Context/background:
I am self-studying series, first in the context of generating functions and now in the context of functional/differential equations. As such, I like to set myself practise problems, which is what I bring you today. Of course, being self-studying, it can be hard to find anyone to give feedback on my problems and solutions, which is why I bring this one to you today. Thanks for your time.
Problem statement:
Given the differential equation $xf(x)-f'(x)=0$ and $f(0)=1$, find $f(x)$ in power series form. Bonus questions: find the closed form of $f(x)$ (if it exists) and the radius of convergence of the power series.
Solution:
Let $f(x)=\sum_{n=0}^{\infty}a_nx^n=a_0+a_1x+a_2x^2+a_3x^3+a_4x^4+...$
Then: $xf(x)=\sum_{n=0}^{\infty}a_nx^{n+1}=a_0x+a_1x^2+a_2x^3+a_3x^4+...$
And: $f'(x)=\sum_{n=0}^{\infty}(n+1)a_{n+1}x^n=a_1+2a_2x+3a_3x^2+4a_4x^3+5a_5x^4+...$
Furthermore: $xf(x)-f'(x)=-a_1+(a_0-2a_2)x+(a_1-3a_3)x^2+(a_2-4a_4)x^3+(a_3-5a_5)x^4+...$
Given that $f(0)=1$, we must have that $a_0=1$. Moreover, since the coefficients of $xf(x)-f'(x)$ must all be zero, we have the following (infinite) system of equations:
$$-a_1=0\Longrightarrow a_1=0$$ $$a_0-2a_2=0\Longrightarrow a_2=\frac{a_0}{2}$$ $$a_1-3a_3=0\Longrightarrow a_3=0$$ $$a_2-4a_4=0\Longrightarrow a_4=\frac{a_2}{4}=\frac{a_0}{8}$$ $$a_3-5a_5=0\Longrightarrow a_5=0$$ $$a_4-6a_6=0\Longrightarrow a_6=\frac{a_4}{6}=\frac{a_0}{48}$$
The pattern continues, with every odd coefficient equal to $0$ and every odd coefficient equal to $a_0$ divided by the product of every even number up to and including $n$. As such, it makes sense to define a new sequence of coefficients $c_n$ such that $c_n=a_{2n}$; then $c_n=\frac{a_0}{(2n)!!}=\frac{1}{(2n)!!}$ and the power series solution is $f(x)=\sum_{n=0}^{\infty}\frac{x^{2n}}{(2n)!!}=1+\frac{x^2}{2}+\frac{x^4}{8}+\frac{x^6}{48}+...$
Radius of convergence
Consider $\lim_{n\to\infty}|\frac{c_{n+1}}{c_n}|$. This is equal to $\lim_{n\to\infty}|\frac{\frac{1}{(2n+2)!!}}{\frac{1}{(2n)!!}}|=\lim_{n\to\infty}|\frac{(2n)!!}{(2n+2)!!}|=\lim_{n\to\infty}|\frac{2n(2n-2)(2n-4)...2}{(2n+2)(2n)(2n-2)(2n-4)...2}|=\lim_{n\to\infty}|\frac{1}{2n+2}|=0$
Since the limit of the ratio of consecutive coefficients is $0$, the radius of convergence for this series is infinite; i.e. it converges for all $x$.
Closed form solution
I'll admit, this one stumped me for a bit.
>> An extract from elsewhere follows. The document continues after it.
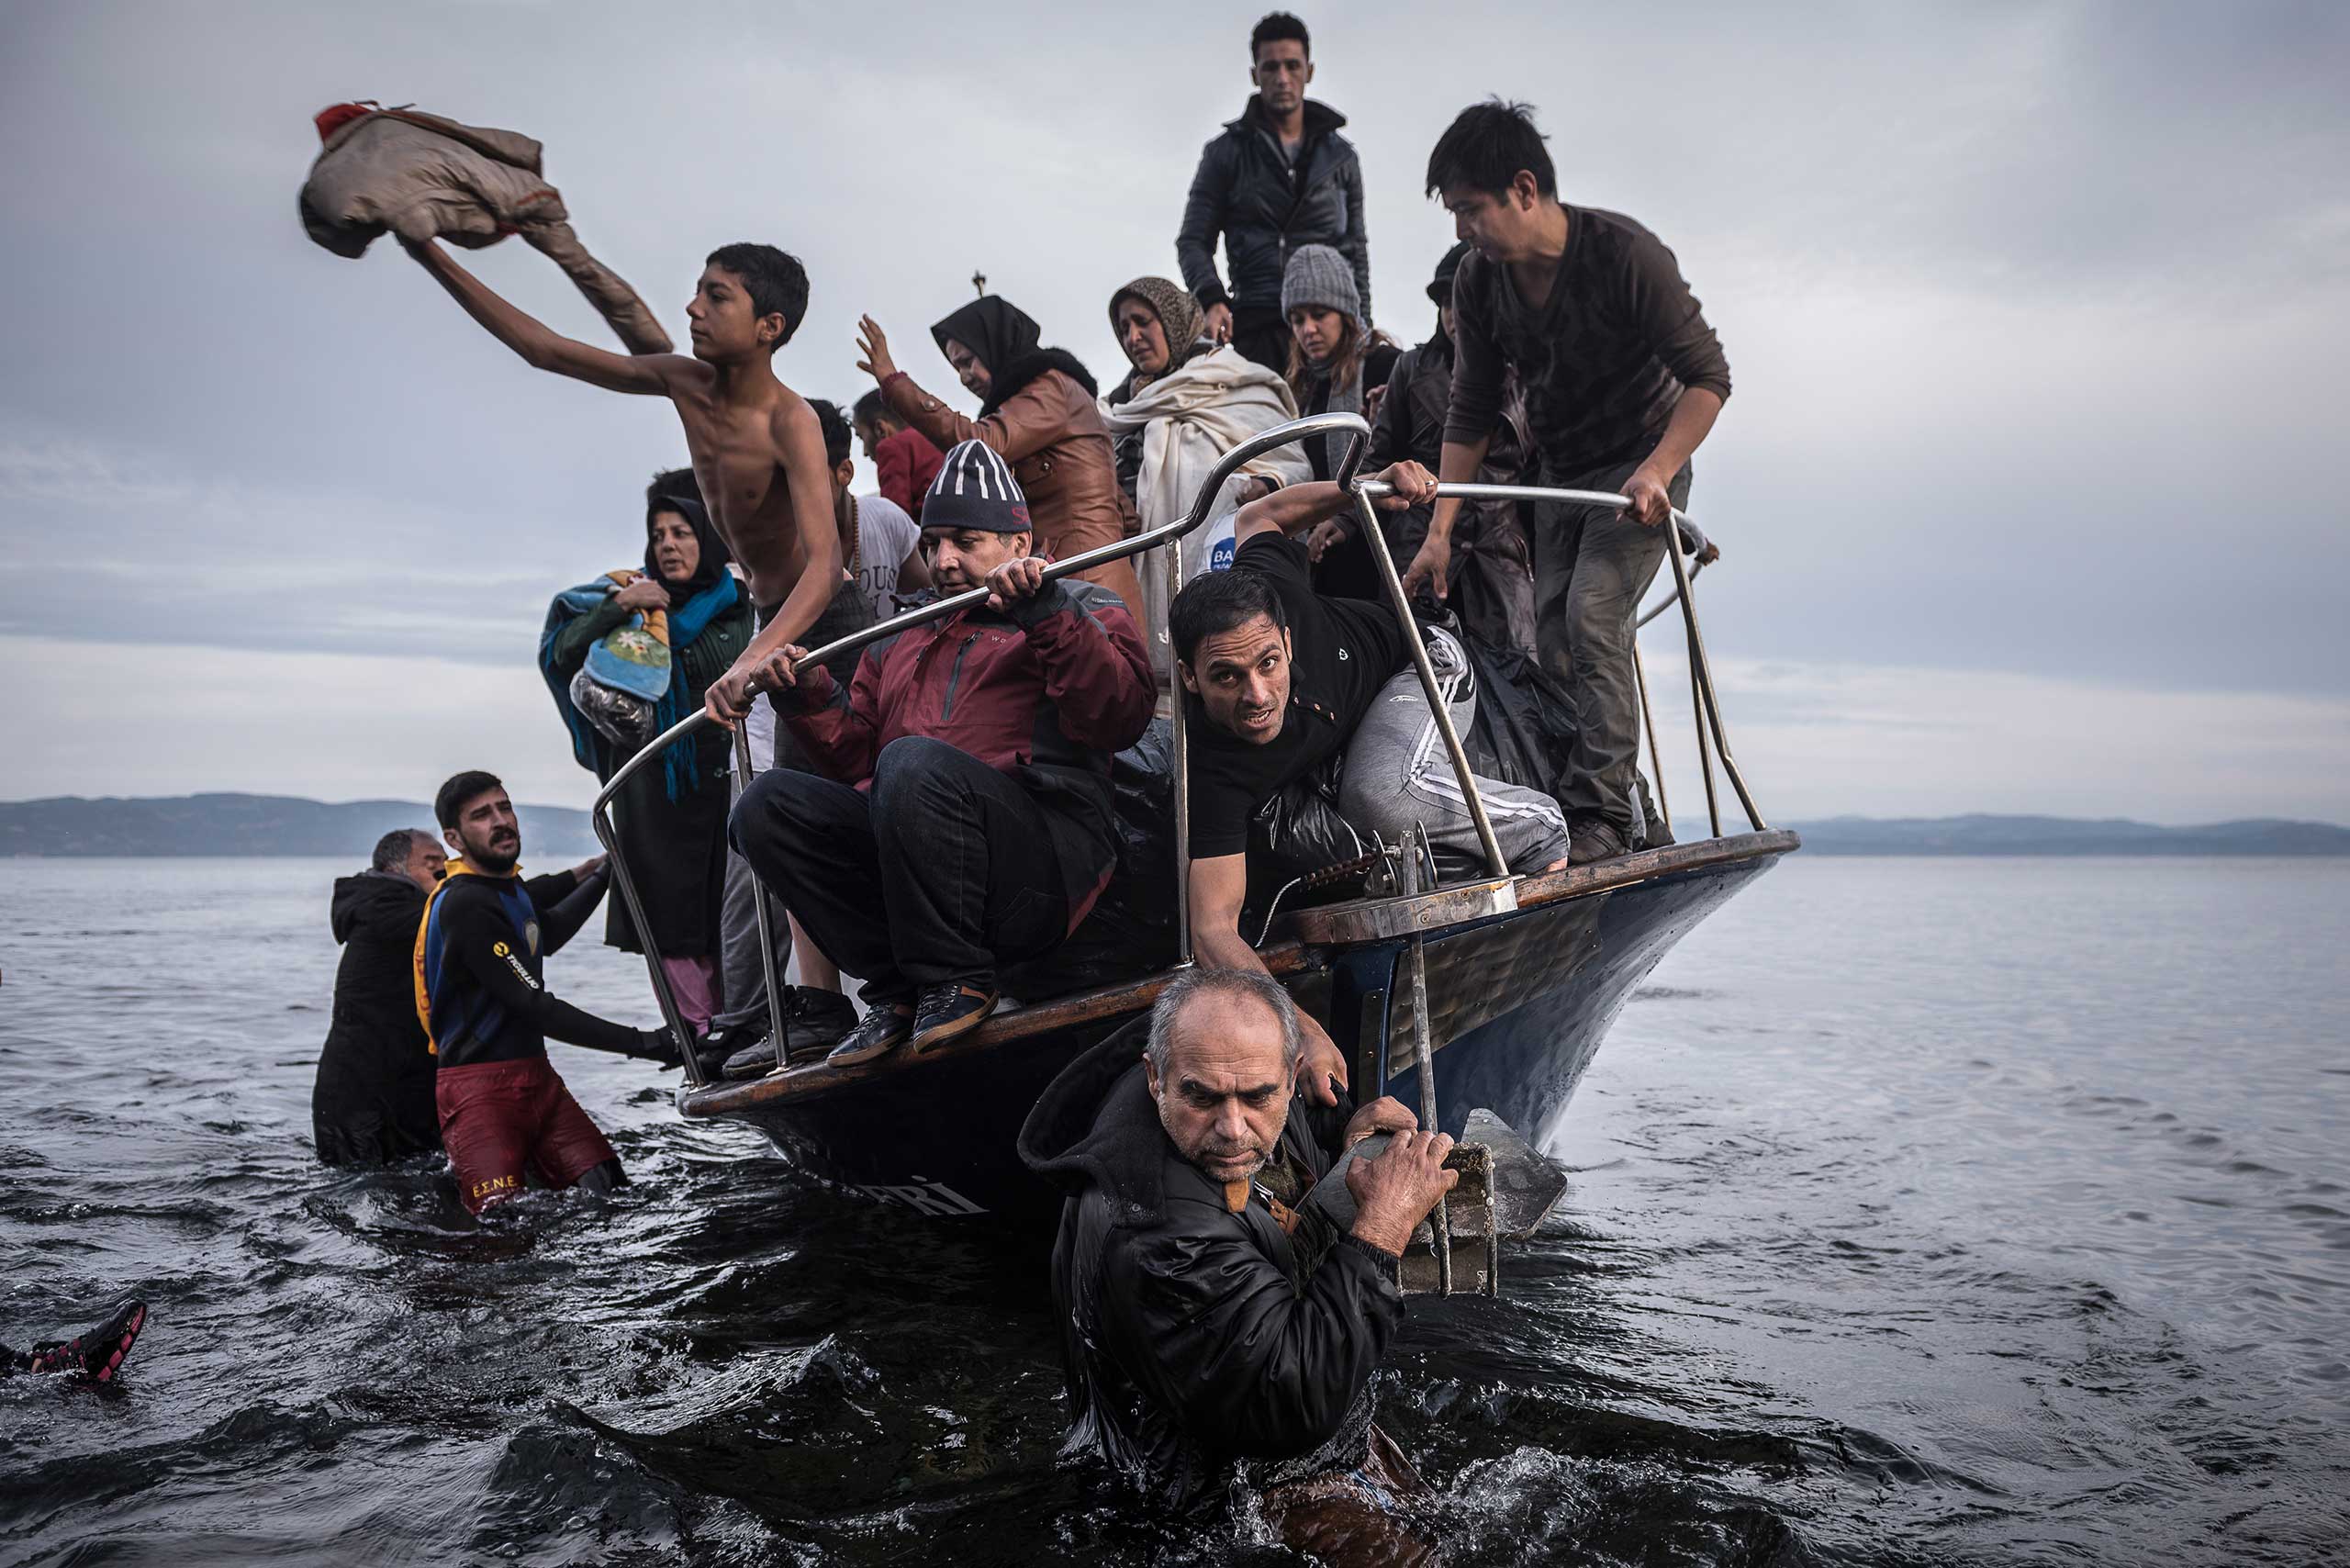 Migrants arrive by a Turkish boat near the village of Skala, on the Greek island of Lesbos. The Turkish boat owner delivered some 150 people to the Greek coast and tried to escape back to Turkey; he was arrested in Turkish waters. Nov. 16, 2015.

Then I realised that $(2n)!!=2^nn!$, so we have $\sum_{n=0}^{\infty}\frac{x^{2n}}{(2n)!!}=\sum_{n=0}^{\infty}\frac{x^{2n}}{2^nn!}$. Setting $t=\frac{x^2}{2}$, we have $\sum_{n=0}^{\infty}\frac{x^{2n}}{2^nn!}=\sum_{n=0}^{\infty}\frac{t^n}{n!}$. This last series has the very well-known closed form of $e^t$, so the closed form for our series solution (in $x$) is $f(x)=e^{\frac{x^2}{2}}$. To check said solution: $xf(x)=xe^{\frac{x^2}{2}}$, and $f'(x)=xe^{\frac{x^2}{2}}$, so $xf(x)-f'(x)=xe^{\frac{x^2}{2}}-xe^{\frac{x^2}{2}}=0$.
My question:
As I mentioned earlier, I'm a self-studier, so it can be hard to find (qualified) feedback. So if there's any you could offer me in regards to my solution — in terms of rigour, flow, leaps of logic, whatever you can think of — I'd really appreciate it. I want to improve!